[Problem requirements]: An exact restatement of the data below, with the pictures removed, is the required answer.

[Given information]:

Content starts

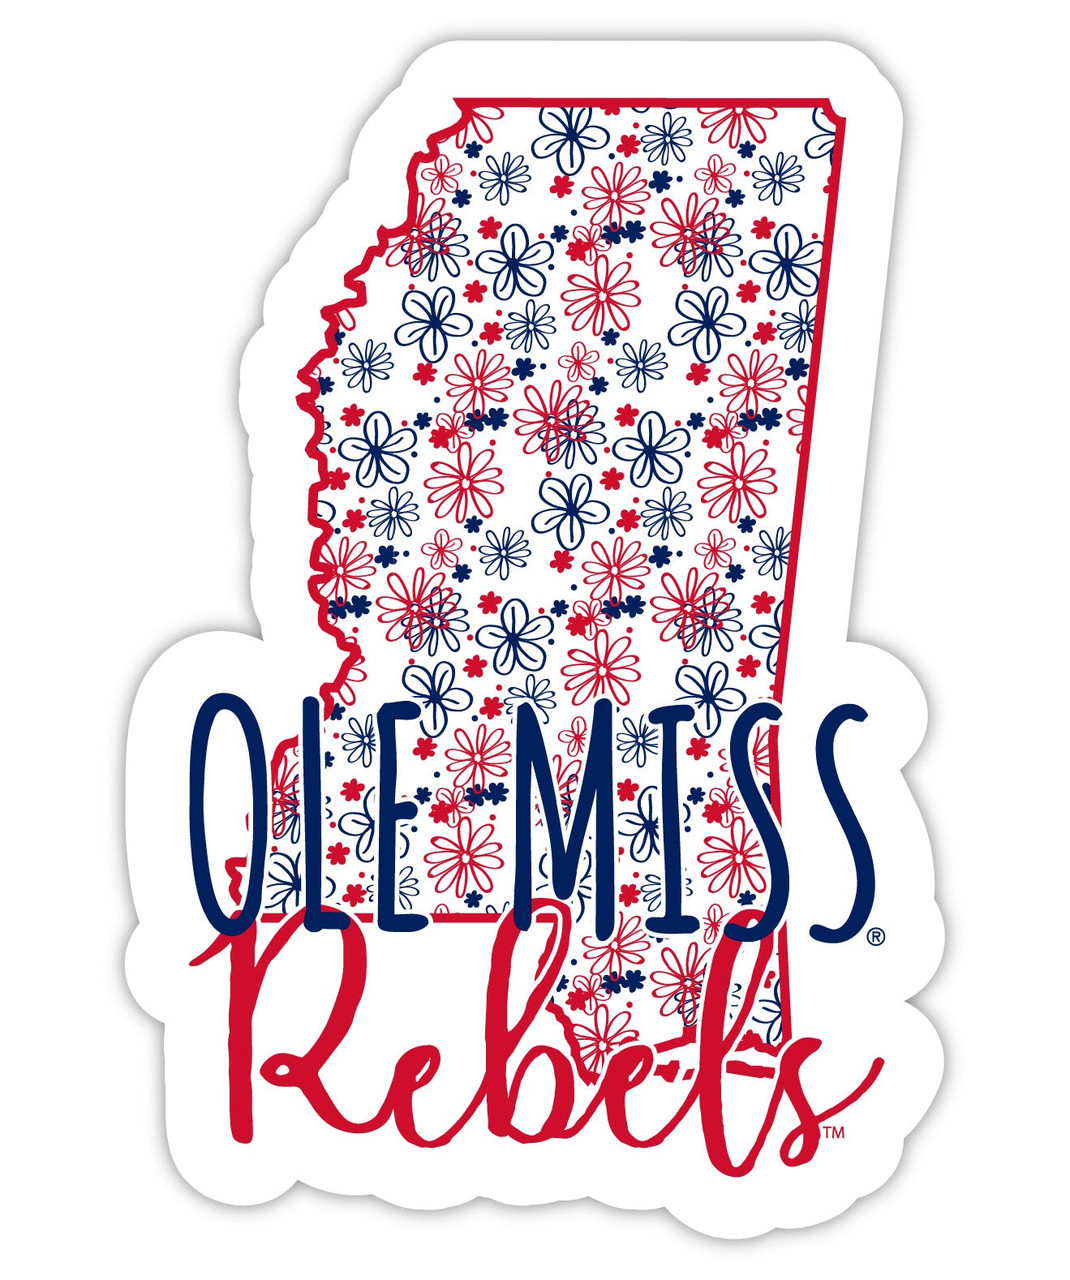 Mississippi Rebels "Ole Miss" Floral State Die Cut Decal 2-Inch
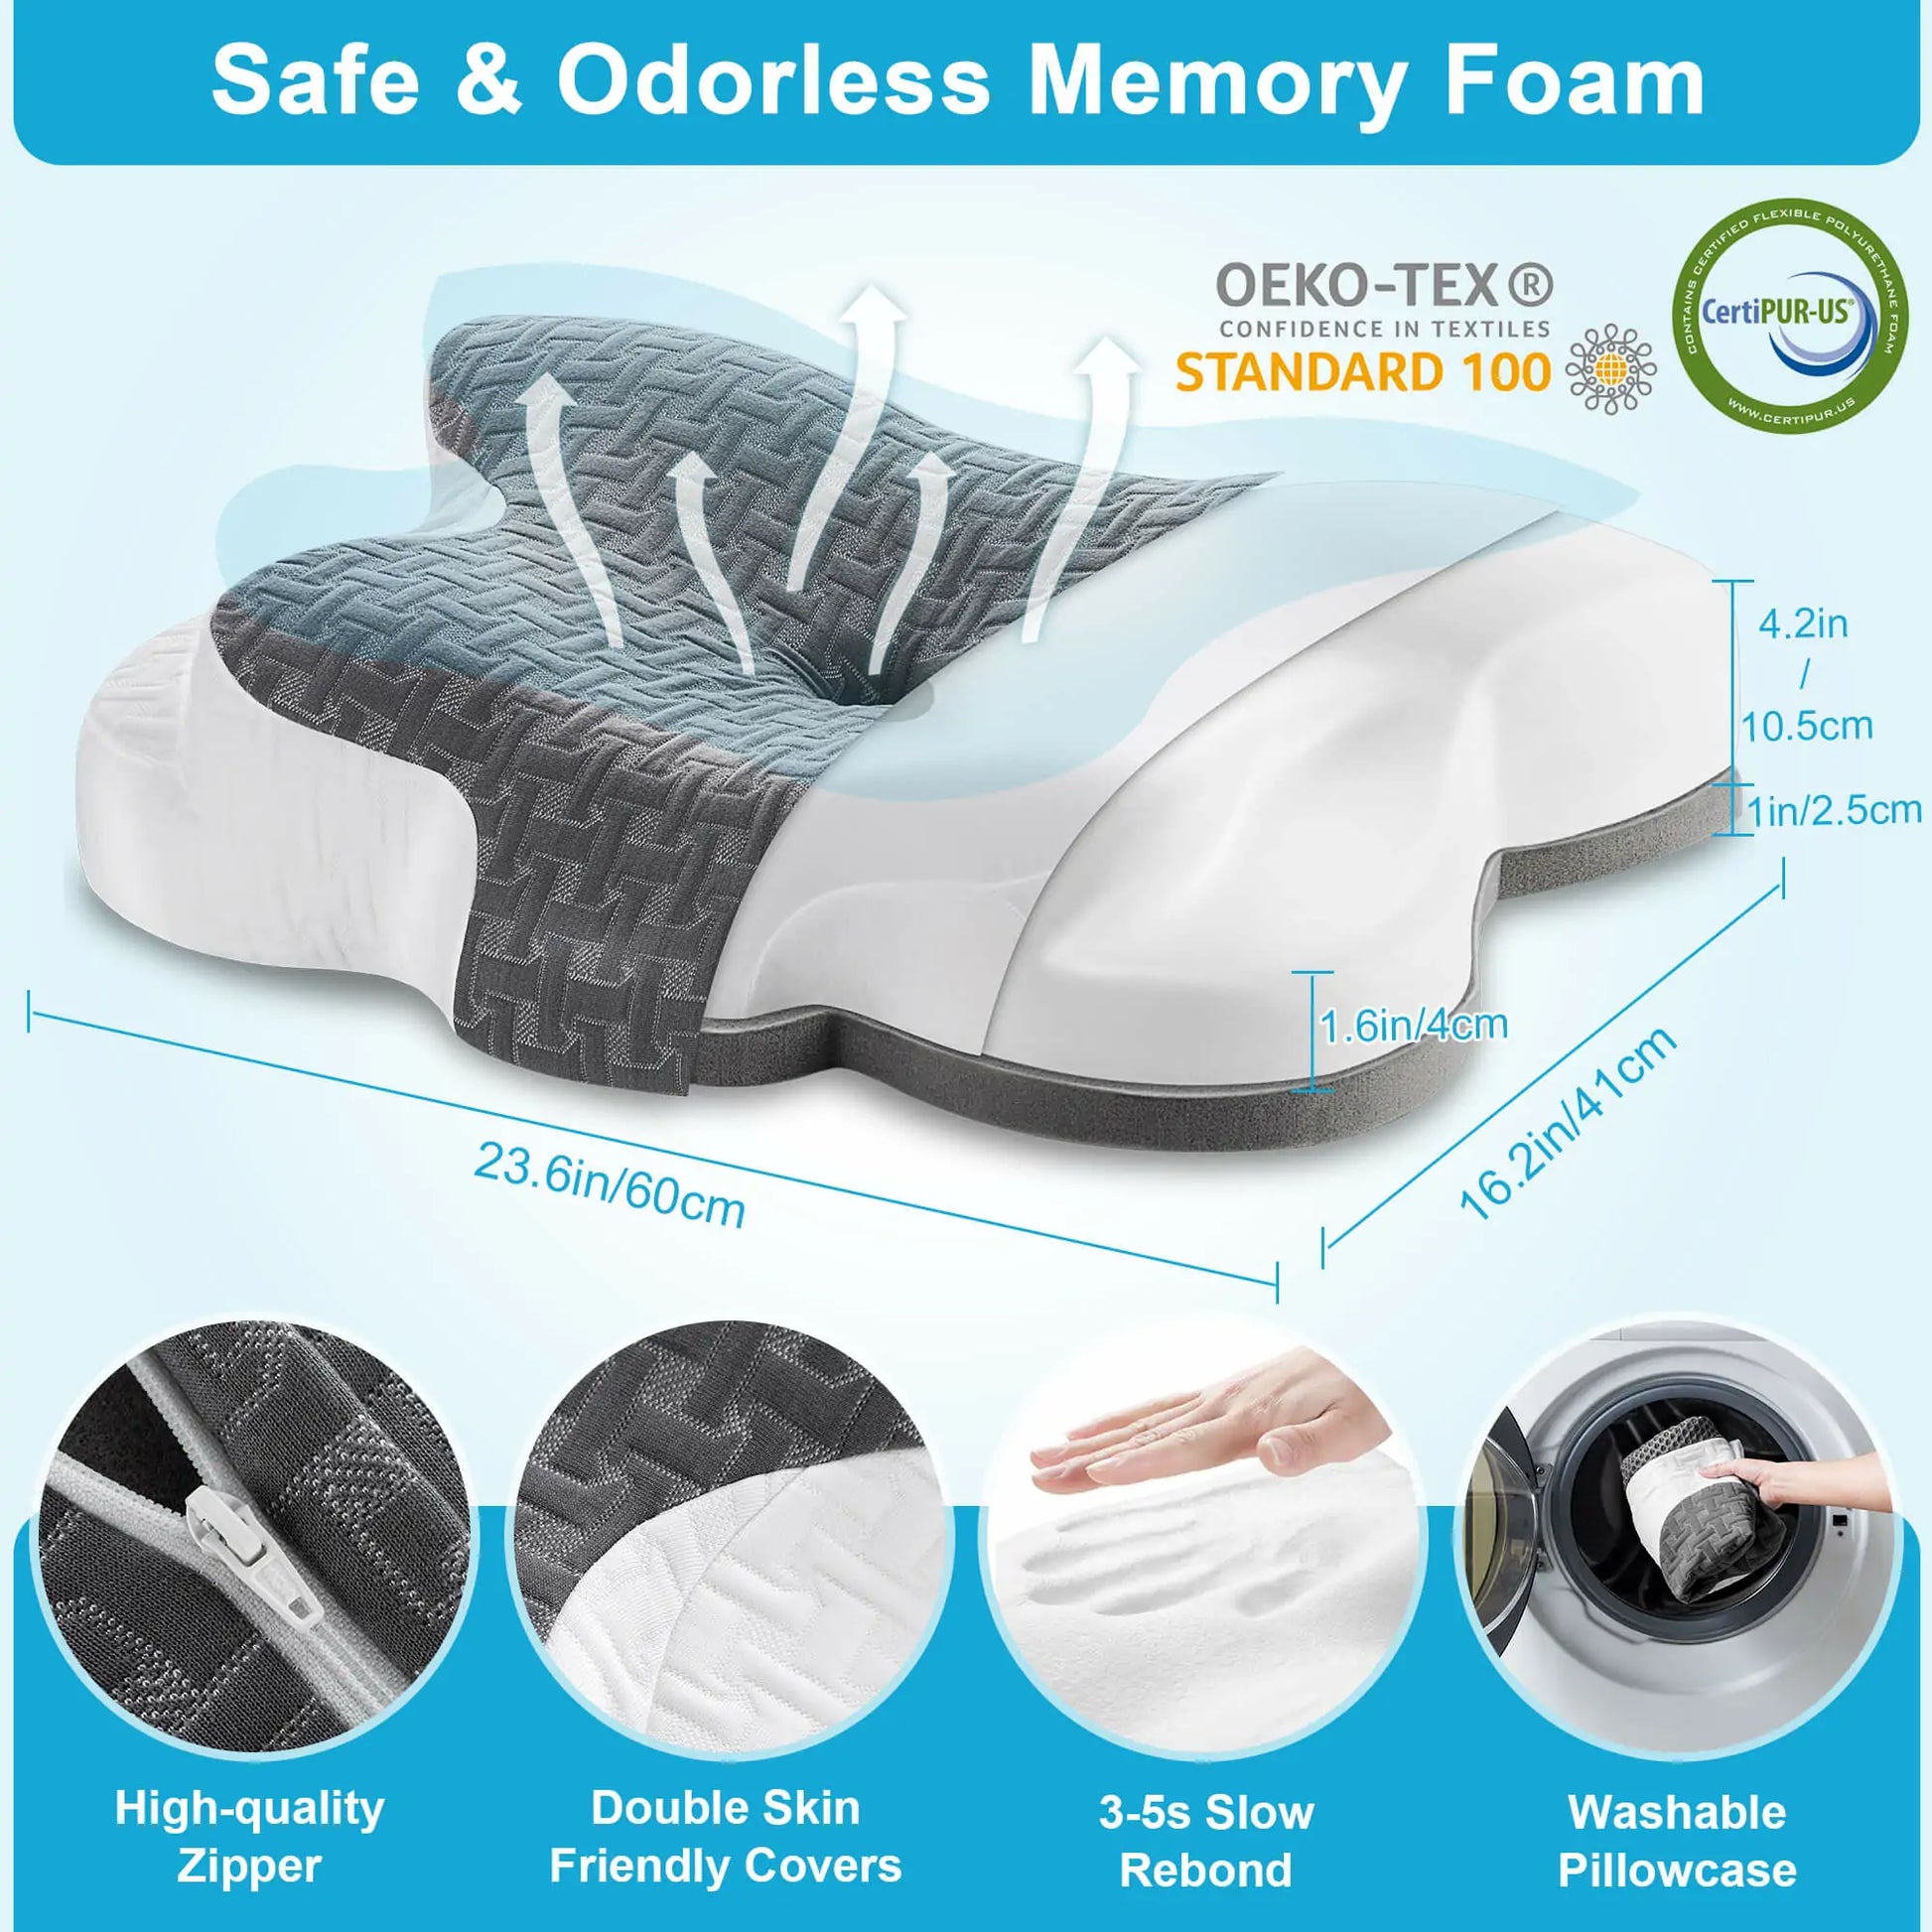 Cervical Pillow For Neck Pain Relief, Hollow Design Odorless
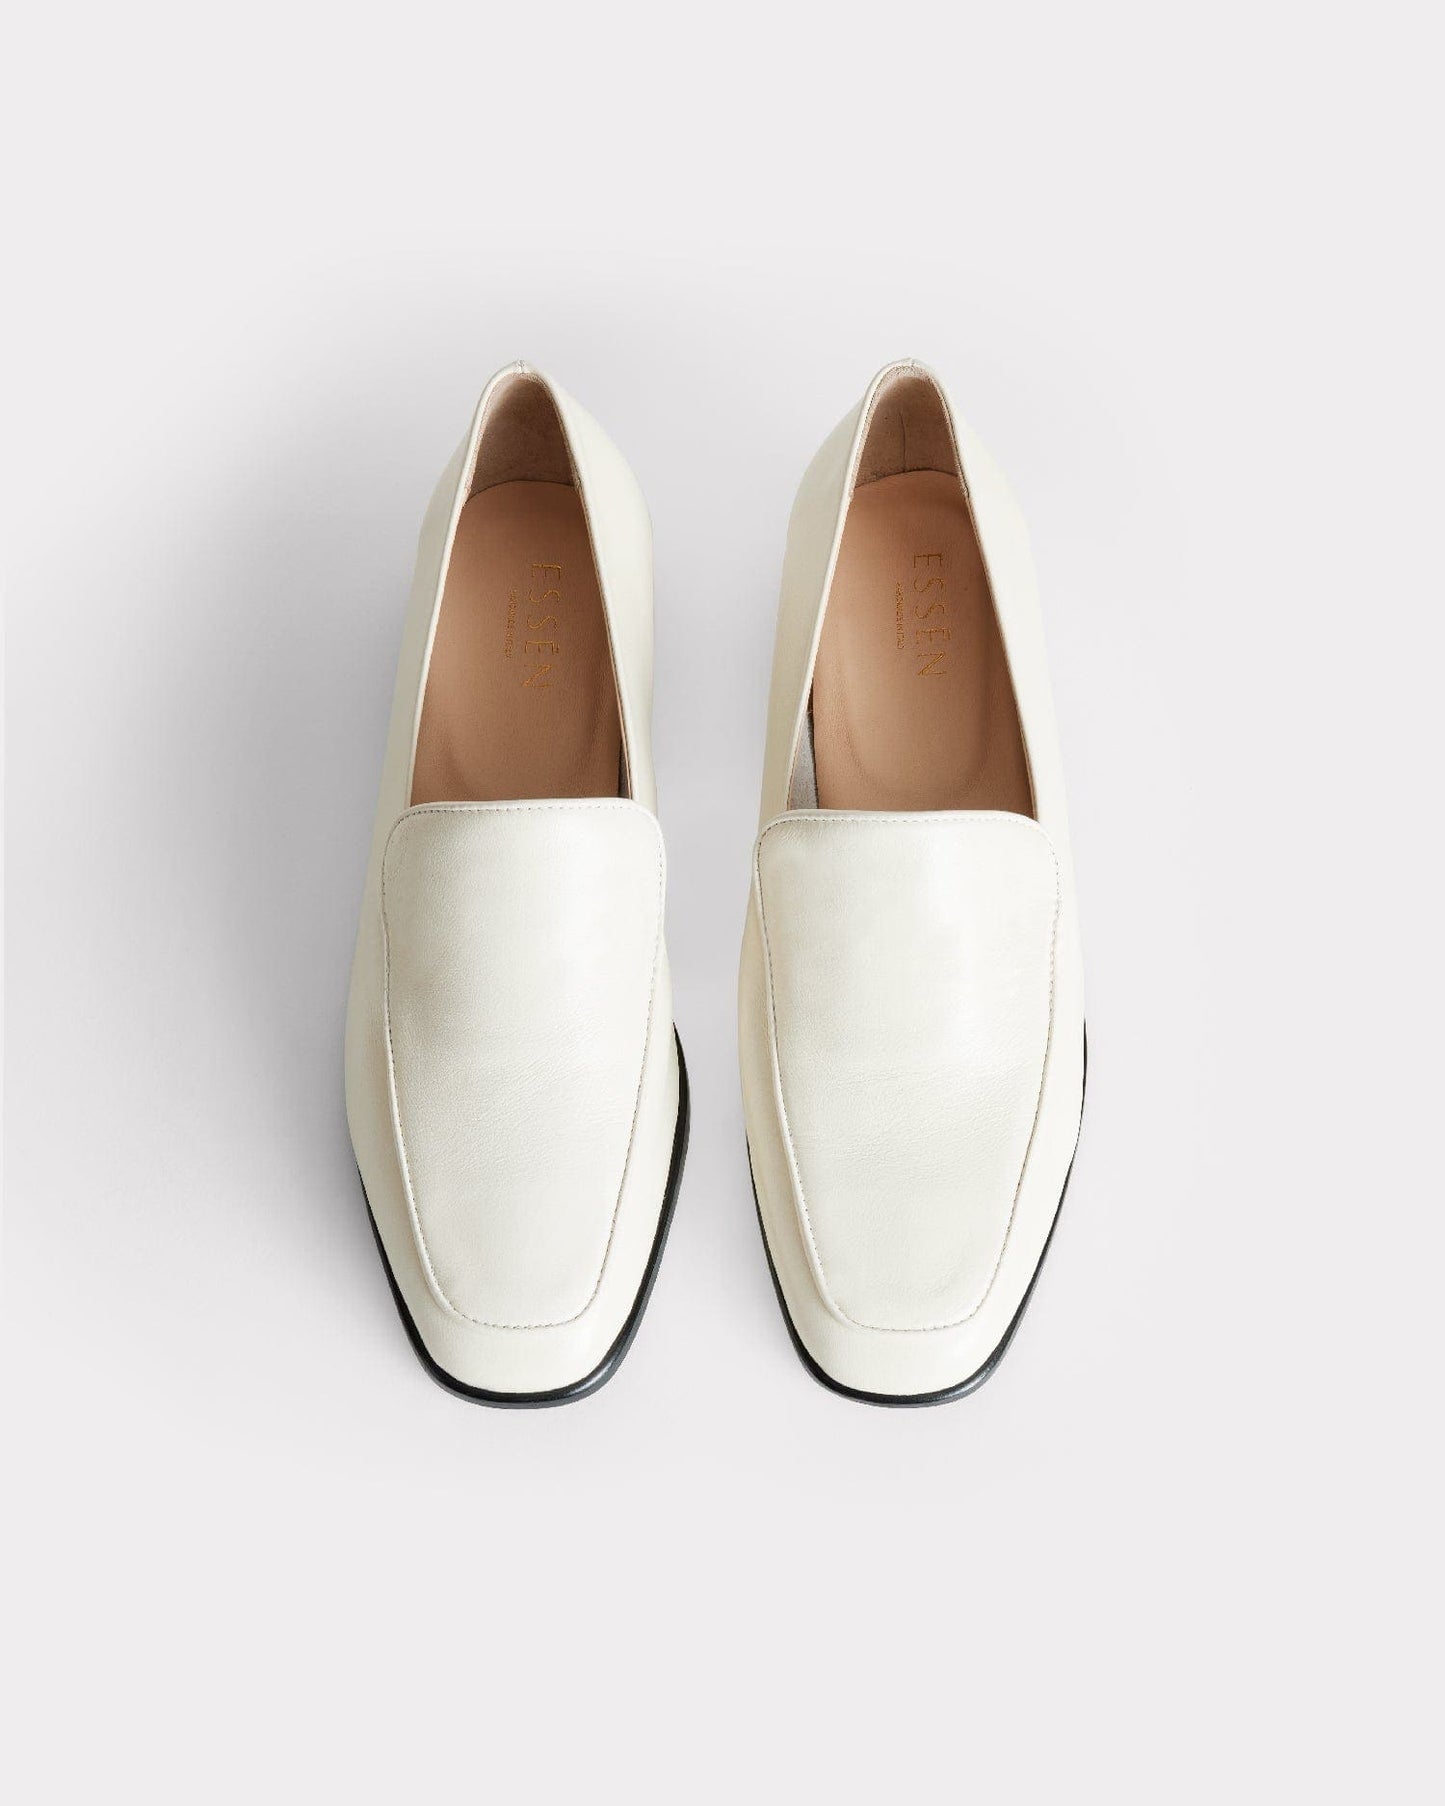 The Modern Moccasin - Butter

Content ends

[Answer for the task]:
 Mississippi Rebels "Ole Miss" Floral State Die Cut Decal 2-Inch
 Cervical Pillow For Neck Pain Relief, Hollow Design Odorless
 The Modern Moccasin - Butter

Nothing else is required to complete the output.